§ TASK INSTRUCTIONS:
I'd like every record given again exactly, please.

BEGIN EXTRACTED MATERIAL

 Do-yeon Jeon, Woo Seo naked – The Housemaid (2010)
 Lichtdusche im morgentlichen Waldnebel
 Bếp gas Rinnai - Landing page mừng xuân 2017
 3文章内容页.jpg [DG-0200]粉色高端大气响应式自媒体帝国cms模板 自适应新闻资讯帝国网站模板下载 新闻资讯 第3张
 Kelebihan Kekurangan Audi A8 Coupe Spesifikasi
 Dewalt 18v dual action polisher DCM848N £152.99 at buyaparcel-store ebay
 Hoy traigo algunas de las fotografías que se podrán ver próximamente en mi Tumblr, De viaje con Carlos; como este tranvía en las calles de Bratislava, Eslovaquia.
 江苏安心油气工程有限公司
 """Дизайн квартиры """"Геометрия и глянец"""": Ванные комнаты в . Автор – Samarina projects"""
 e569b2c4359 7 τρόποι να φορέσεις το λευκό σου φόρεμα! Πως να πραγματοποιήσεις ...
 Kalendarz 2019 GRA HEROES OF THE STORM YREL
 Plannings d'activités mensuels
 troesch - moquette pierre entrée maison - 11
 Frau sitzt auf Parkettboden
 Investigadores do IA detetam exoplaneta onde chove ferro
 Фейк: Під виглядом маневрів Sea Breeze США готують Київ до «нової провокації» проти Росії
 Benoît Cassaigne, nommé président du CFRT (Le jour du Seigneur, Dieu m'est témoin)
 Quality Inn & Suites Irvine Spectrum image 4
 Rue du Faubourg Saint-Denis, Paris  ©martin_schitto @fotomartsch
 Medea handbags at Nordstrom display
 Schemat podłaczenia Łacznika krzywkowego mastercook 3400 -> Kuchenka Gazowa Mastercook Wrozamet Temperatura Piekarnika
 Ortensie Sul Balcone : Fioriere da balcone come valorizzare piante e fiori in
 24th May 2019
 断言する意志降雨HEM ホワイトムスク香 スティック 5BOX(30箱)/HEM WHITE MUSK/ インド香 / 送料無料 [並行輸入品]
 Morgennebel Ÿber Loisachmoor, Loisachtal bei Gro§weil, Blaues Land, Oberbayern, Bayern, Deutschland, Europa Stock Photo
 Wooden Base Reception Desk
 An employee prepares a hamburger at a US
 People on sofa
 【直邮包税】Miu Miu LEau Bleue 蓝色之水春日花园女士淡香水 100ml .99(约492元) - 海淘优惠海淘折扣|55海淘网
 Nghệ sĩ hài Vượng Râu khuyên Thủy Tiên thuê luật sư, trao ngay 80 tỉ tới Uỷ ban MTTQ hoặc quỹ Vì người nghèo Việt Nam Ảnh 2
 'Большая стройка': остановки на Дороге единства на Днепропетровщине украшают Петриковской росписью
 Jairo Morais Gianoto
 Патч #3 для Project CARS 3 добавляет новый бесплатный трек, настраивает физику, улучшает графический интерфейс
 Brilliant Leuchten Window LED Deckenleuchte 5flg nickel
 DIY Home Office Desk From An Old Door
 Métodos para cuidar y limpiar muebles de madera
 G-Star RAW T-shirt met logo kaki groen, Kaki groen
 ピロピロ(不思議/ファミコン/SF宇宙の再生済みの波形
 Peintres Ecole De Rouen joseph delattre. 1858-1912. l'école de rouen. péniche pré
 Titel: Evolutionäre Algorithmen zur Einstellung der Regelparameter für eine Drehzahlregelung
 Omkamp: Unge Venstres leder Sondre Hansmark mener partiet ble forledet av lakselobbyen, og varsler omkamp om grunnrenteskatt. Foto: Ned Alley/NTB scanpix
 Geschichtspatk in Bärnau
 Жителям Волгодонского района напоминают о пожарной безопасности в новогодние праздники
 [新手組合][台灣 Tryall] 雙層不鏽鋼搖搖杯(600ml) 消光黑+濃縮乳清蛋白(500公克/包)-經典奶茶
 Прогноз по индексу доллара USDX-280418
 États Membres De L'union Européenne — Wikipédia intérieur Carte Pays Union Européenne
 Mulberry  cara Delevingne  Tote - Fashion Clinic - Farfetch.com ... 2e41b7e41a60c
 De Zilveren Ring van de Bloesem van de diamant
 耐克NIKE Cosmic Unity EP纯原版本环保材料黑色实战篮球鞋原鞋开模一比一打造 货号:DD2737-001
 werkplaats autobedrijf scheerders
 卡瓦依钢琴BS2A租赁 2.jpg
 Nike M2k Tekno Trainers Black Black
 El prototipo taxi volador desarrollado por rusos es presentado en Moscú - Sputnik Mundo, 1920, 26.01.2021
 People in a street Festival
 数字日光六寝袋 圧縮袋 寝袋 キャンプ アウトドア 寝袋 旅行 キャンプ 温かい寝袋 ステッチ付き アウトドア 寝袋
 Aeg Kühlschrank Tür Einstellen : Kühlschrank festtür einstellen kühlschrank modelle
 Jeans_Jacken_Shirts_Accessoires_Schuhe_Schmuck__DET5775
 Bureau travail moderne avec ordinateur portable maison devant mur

END EXTRACTED MATERIAL

§ RESULT BELOW:
 Do-yeon Jeon, Woo Seo naked – The Housemaid (2010)
 Lichtdusche im morgentlichen Waldnebel
 Bếp gas Rinnai - Landing page mừng xuân 2017
 3文章内容页.jpg [DG-0200]粉色高端大气响应式自媒体帝国cms模板 自适应新闻资讯帝国网站模板下载 新闻资讯 第3张
 Kelebihan Kekurangan Audi A8 Coupe Spesifikasi
 Dewalt 18v dual action polisher DCM848N £152.99 at buyaparcel-store ebay
 Hoy traigo algunas de las fotografías que se podrán ver próximamente en mi Tumblr, De viaje con Carlos; como este tranvía en las calles de Bratislava, Eslovaquia.
 江苏安心油气工程有限公司
 """Дизайн квартиры """"Геометрия и глянец"""": Ванные комнаты в . Автор – Samarina projects"""
 e569b2c4359 7 τρόποι να φορέσεις το λευκό σου φόρεμα! Πως να πραγματοποιήσεις ...
 Kalendarz 2019 GRA HEROES OF THE STORM YREL
 Plannings d'activités mensuels
 troesch - moquette pierre entrée maison - 11
 Frau sitzt auf Parkettboden
 Investigadores do IA detetam exoplaneta onde chove ferro
 Фейк: Під виглядом маневрів Sea Breeze США готують Київ до «нової провокації» проти Росії
 Benoît Cassaigne, nommé président du CFRT (Le jour du Seigneur, Dieu m'est témoin)
 Quality Inn & Suites Irvine Spectrum image 4
 Rue du Faubourg Saint-Denis, Paris  ©martin_schitto @fotomartsch
 Medea handbags at Nordstrom display
 Schemat podłaczenia Łacznika krzywkowego mastercook 3400 -> Kuchenka Gazowa Mastercook Wrozamet Temperatura Piekarnika
 Ortensie Sul Balcone : Fioriere da balcone come valorizzare piante e fiori in
 24th May 2019
 断言する意志降雨HEM ホワイトムスク香 スティック 5BOX(30箱)/HEM WHITE MUSK/ インド香 / 送料無料 [並行輸入品]
 Morgennebel Ÿber Loisachmoor, Loisachtal bei Gro§weil, Blaues Land, Oberbayern, Bayern, Deutschland, Europa Stock Photo
 Wooden Base Reception Desk
 An employee prepares a hamburger at a US
 People on sofa
 【直邮包税】Miu Miu LEau Bleue 蓝色之水春日花园女士淡香水 100ml .99(约492元) - 海淘优惠海淘折扣|55海淘网
 Nghệ sĩ hài Vượng Râu khuyên Thủy Tiên thuê luật sư, trao ngay 80 tỉ tới Uỷ ban MTTQ hoặc quỹ Vì người nghèo Việt Nam Ảnh 2
 'Большая стройка': остановки на Дороге единства на Днепропетровщине украшают Петриковской росписью
 Jairo Morais Gianoto
 Патч #3 для Project CARS 3 добавляет новый бесплатный трек, настраивает физику, улучшает графический интерфейс
 Brilliant Leuchten Window LED Deckenleuchte 5flg nickel
 DIY Home Office Desk From An Old Door
 Métodos para cuidar y limpiar muebles de madera
 G-Star RAW T-shirt met logo kaki groen, Kaki groen
 ピロピロ(不思議/ファミコン/SF宇宙の再生済みの波形
 Peintres Ecole De Rouen joseph delattre. 1858-1912. l'école de rouen. péniche pré
 Titel: Evolutionäre Algorithmen zur Einstellung der Regelparameter für eine Drehzahlregelung
 Omkamp: Unge Venstres leder Sondre Hansmark mener partiet ble forledet av lakselobbyen, og varsler omkamp om grunnrenteskatt. Foto: Ned Alley/NTB scanpix
 Geschichtspatk in Bärnau
 Жителям Волгодонского района напоминают о пожарной безопасности в новогодние праздники
 [新手組合][台灣 Tryall] 雙層不鏽鋼搖搖杯(600ml) 消光黑+濃縮乳清蛋白(500公克/包)-經典奶茶
 Прогноз по индексу доллара USDX-280418
 États Membres De L'union Européenne — Wikipédia intérieur Carte Pays Union Européenne
 Mulberry  cara Delevingne  Tote - Fashion Clinic - Farfetch.com ... 2e41b7e41a60c
 De Zilveren Ring van de Bloesem van de diamant
 耐克NIKE Cosmic Unity EP纯原版本环保材料黑色实战篮球鞋原鞋开模一比一打造 货号:DD2737-001
 werkplaats autobedrijf scheerders
 卡瓦依钢琴BS2A租赁 2.jpg
 Nike M2k Tekno Trainers Black Black
 El prototipo taxi volador desarrollado por rusos es presentado en Moscú - Sputnik Mundo, 1920, 26.01.2021
 People in a street Festival
 数字日光六寝袋 圧縮袋 寝袋 キャンプ アウトドア 寝袋 旅行 キャンプ 温かい寝袋 ステッチ付き アウトドア 寝袋
 Aeg Kühlschrank Tür Einstellen : Kühlschrank festtür einstellen kühlschrank modelle
 Jeans_Jacken_Shirts_Accessoires_Schuhe_Schmuck__DET5775
 Bureau travail moderne avec ordinateur portable maison devant mur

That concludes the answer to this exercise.